Never getting attached to anyone, always keeping a distance between ourselves and everyone around us in case they leave, in case they decide to disappear.
Then comes someone and sneakily breaks all the walls; we love their presence, their laugh, their talk, their silence. We remember them whenever we’re anxious, or whenever we’re sad because their memory is safe, it makes us happy.
It’s scary much loving them makes us feel alive, as if that’s it, that’s all we need from this horrid life, that’s all that is important amid hunger and injustice and destruction, loving them is all that is needed to stay alive.
It’s scary how much they can affect our days, our mood, and the rest of our week. An inane message, a word of kindness, or a smile – that one smile, that’s all we need to go back home at the end of the day and say ” ’twas a good day.”
Their talk, for once you don’t mind not talking, for once you want to hear their story without having to say yours. For once, you want them to talk for hours about everything and nothing in particular, and you listen so tentatively because even the smallest details matter. Because knowing what their favorite tree leaf matters to you, as long as it’s a thing that they said. It’s them talking to you; what can be more important than that?

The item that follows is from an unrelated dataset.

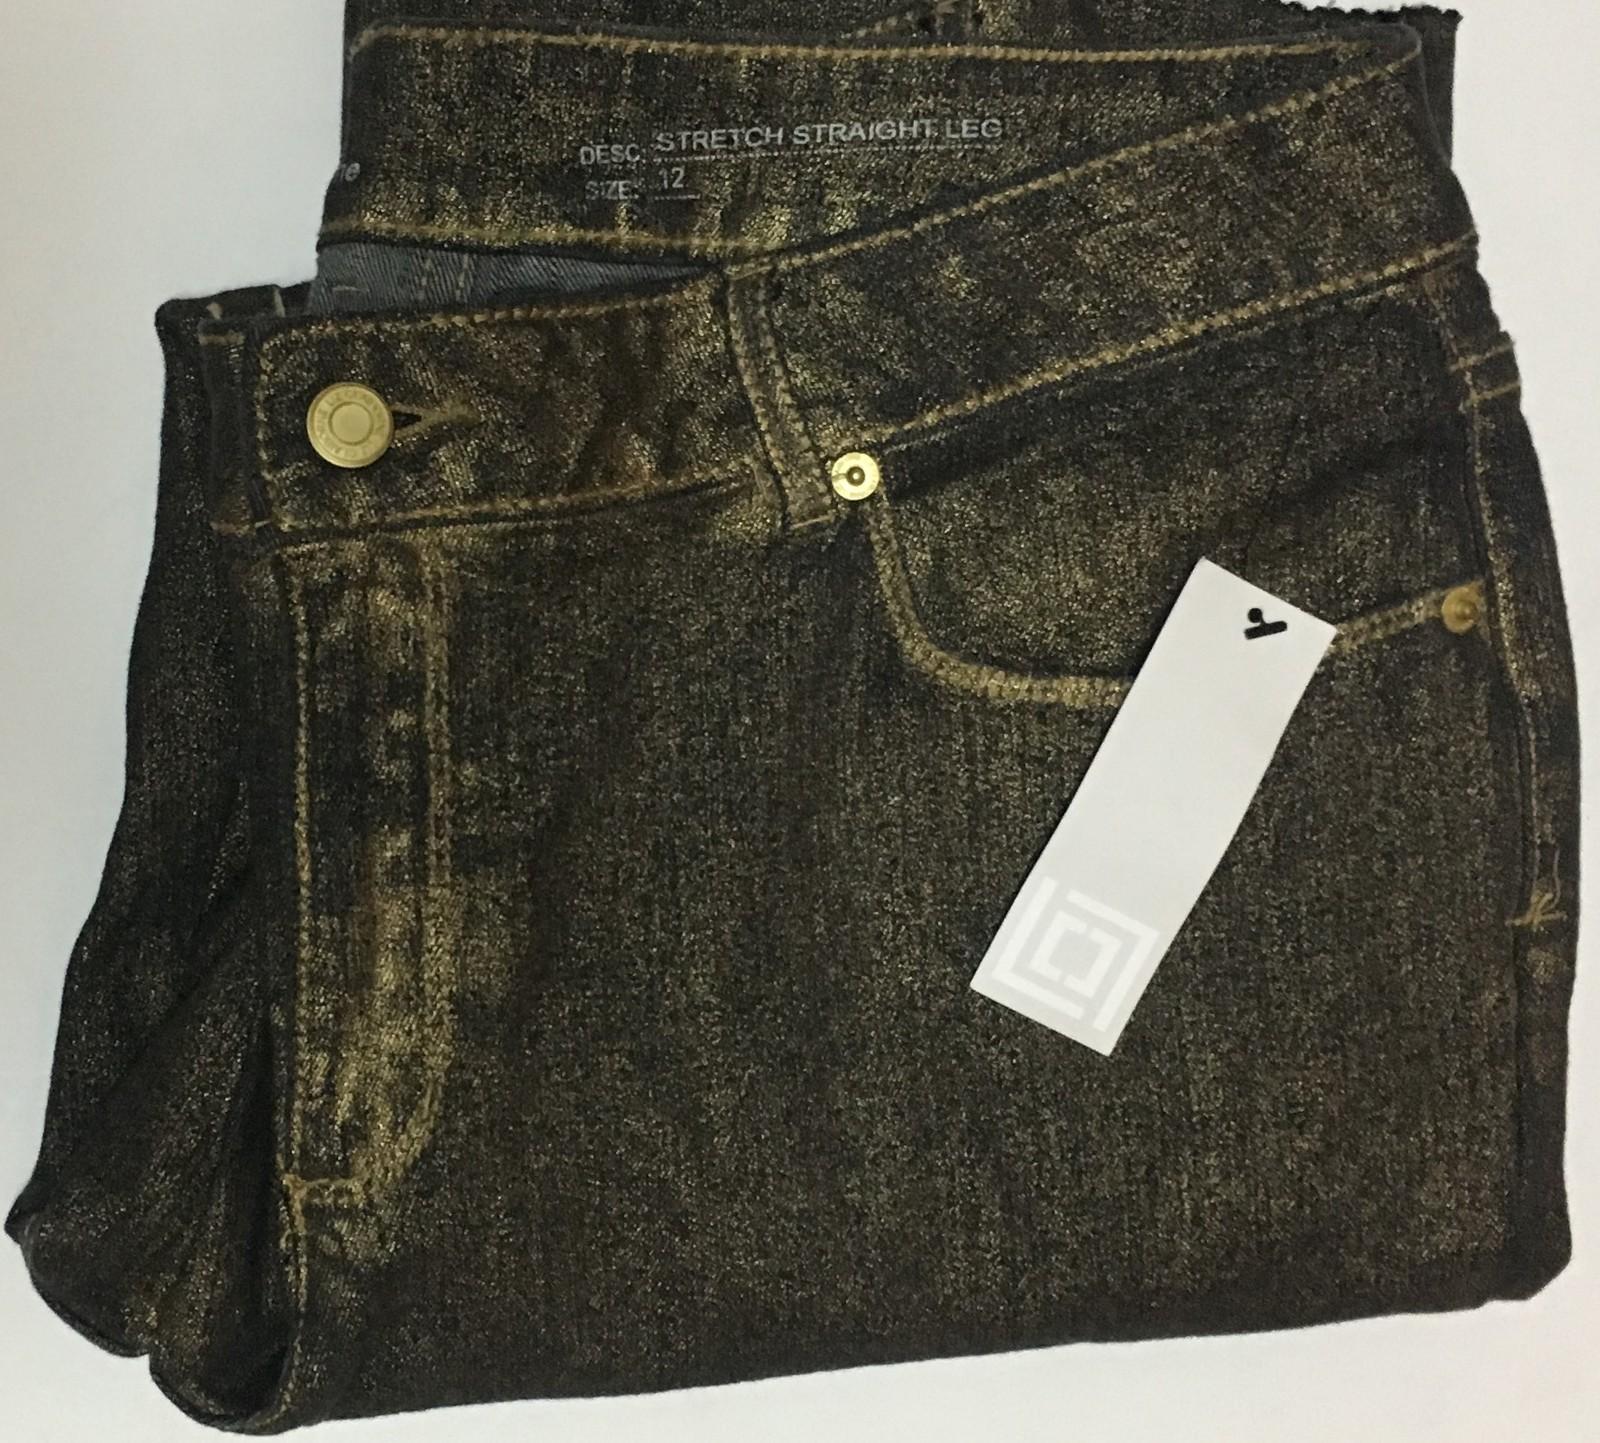 Liz Claiborne Jeans Stretch Straight Leg Sz 12 Black w/Gold Fleck

And that smell, their holy smell. You close your eyes once you smell them nearby, their scented aroma precedes them, and you close your eyes because it’s too warm and it’s too sweet, and it’s too them.
But then what?
But then they leave, and it’s not a shock because the world is mortal and the prettiest flowers die, and everything must end. But it doesn’t make their loss easier. It doesn’t make the void feeling less piercing in a bleak abyss that makes its way through our chest and blackens the place where bliss once rested, because of them, the bliss and the blazes.
And then the feeling of the happy moments gets forgotten, and the aching nostalgia replaces those happy moments, and then comes the era of longing for a time where we were whole, where we were floating, where we were alive.

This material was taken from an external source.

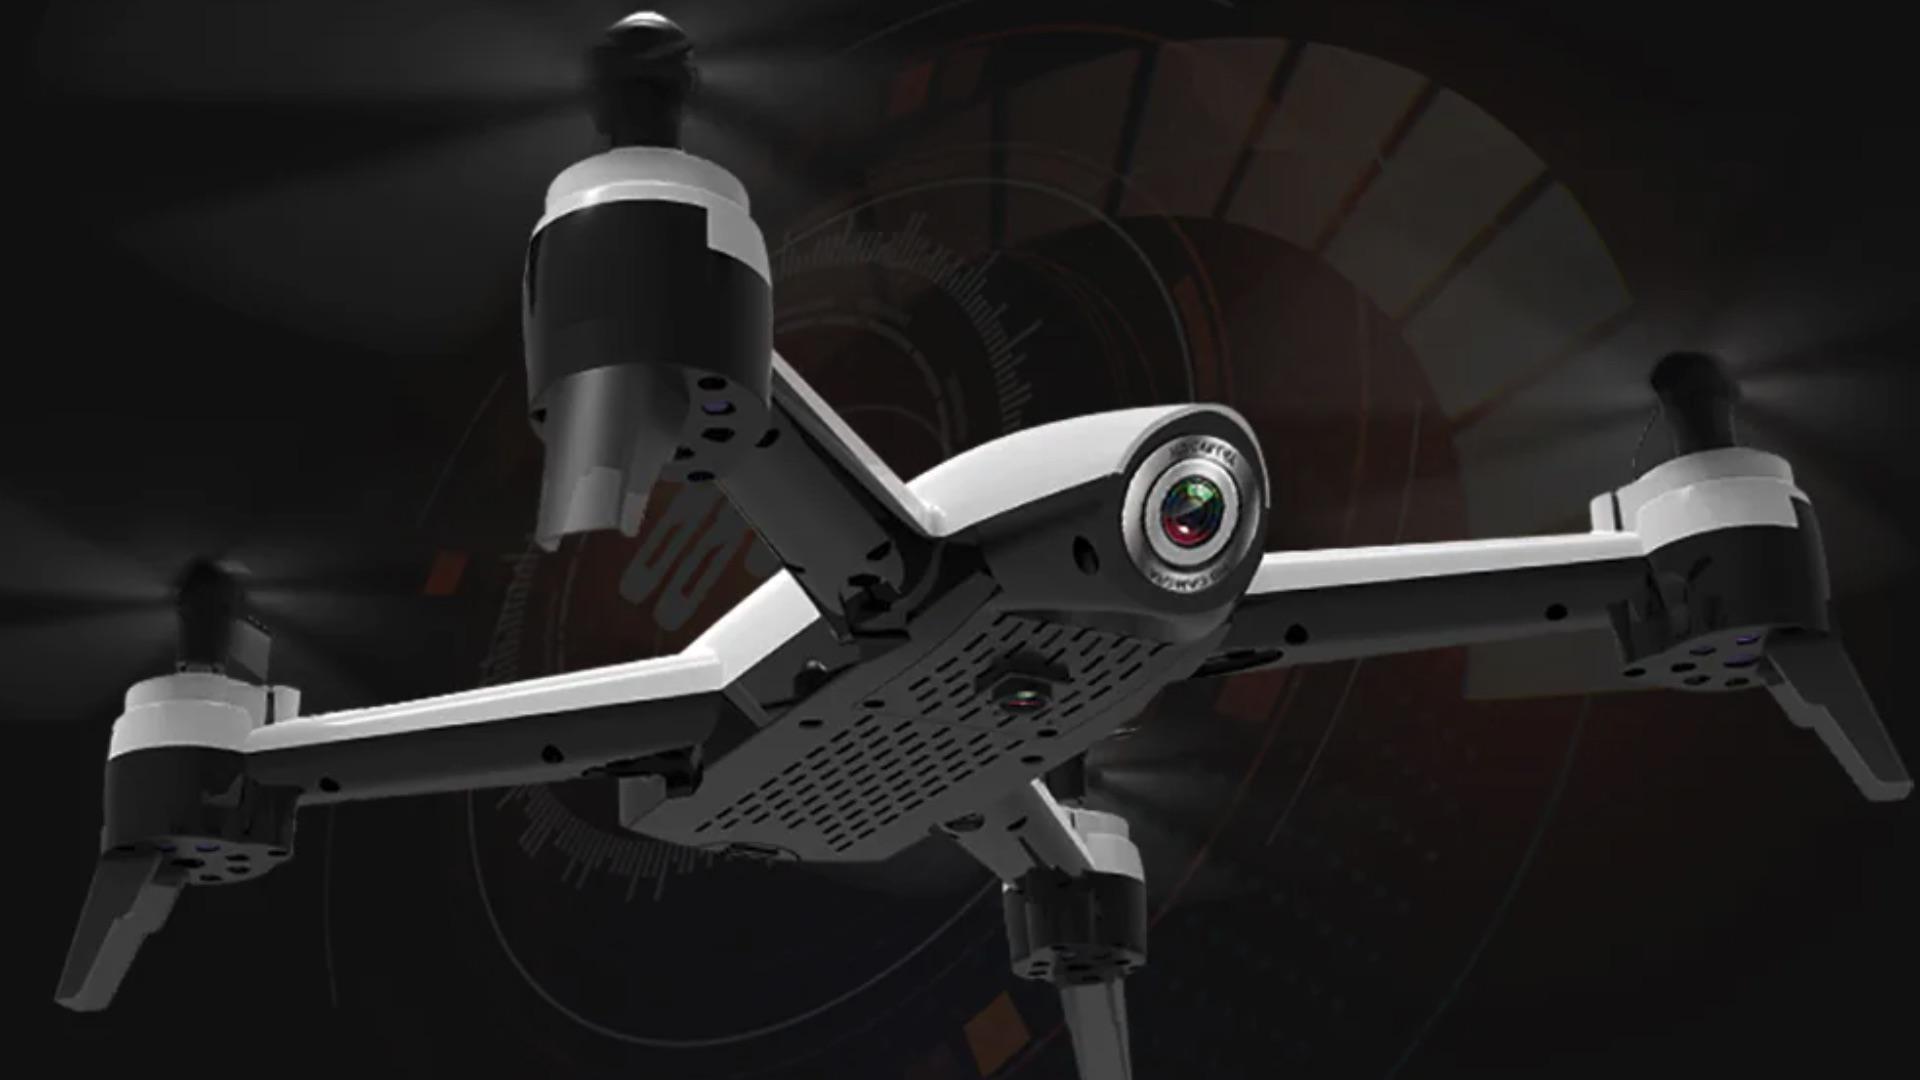 Drone SG106 4K | GearBest

And we soon go back to closing our eyes every time their names are mentioned, every time we try to remember, every time we see a photo of them or affiliated to them, every time we smell a scent close to theirs. This time, we close our eyes not to preserve the moment, this time, we close our eyes to make it, the memory, go away, we close our eyes as if the loss we feel is before us, and if we close our eyes and don’t see it anymore, it might fade away.
And then one night, it’s 3:00 am, our bed is warm, our pillow is fluffy, and we still can’t sleep. And as we hold ourselves so tight in fear we might break, we wonder what would’ve happened if we never met them at all, because nothing-nothing-really seems worth the loss.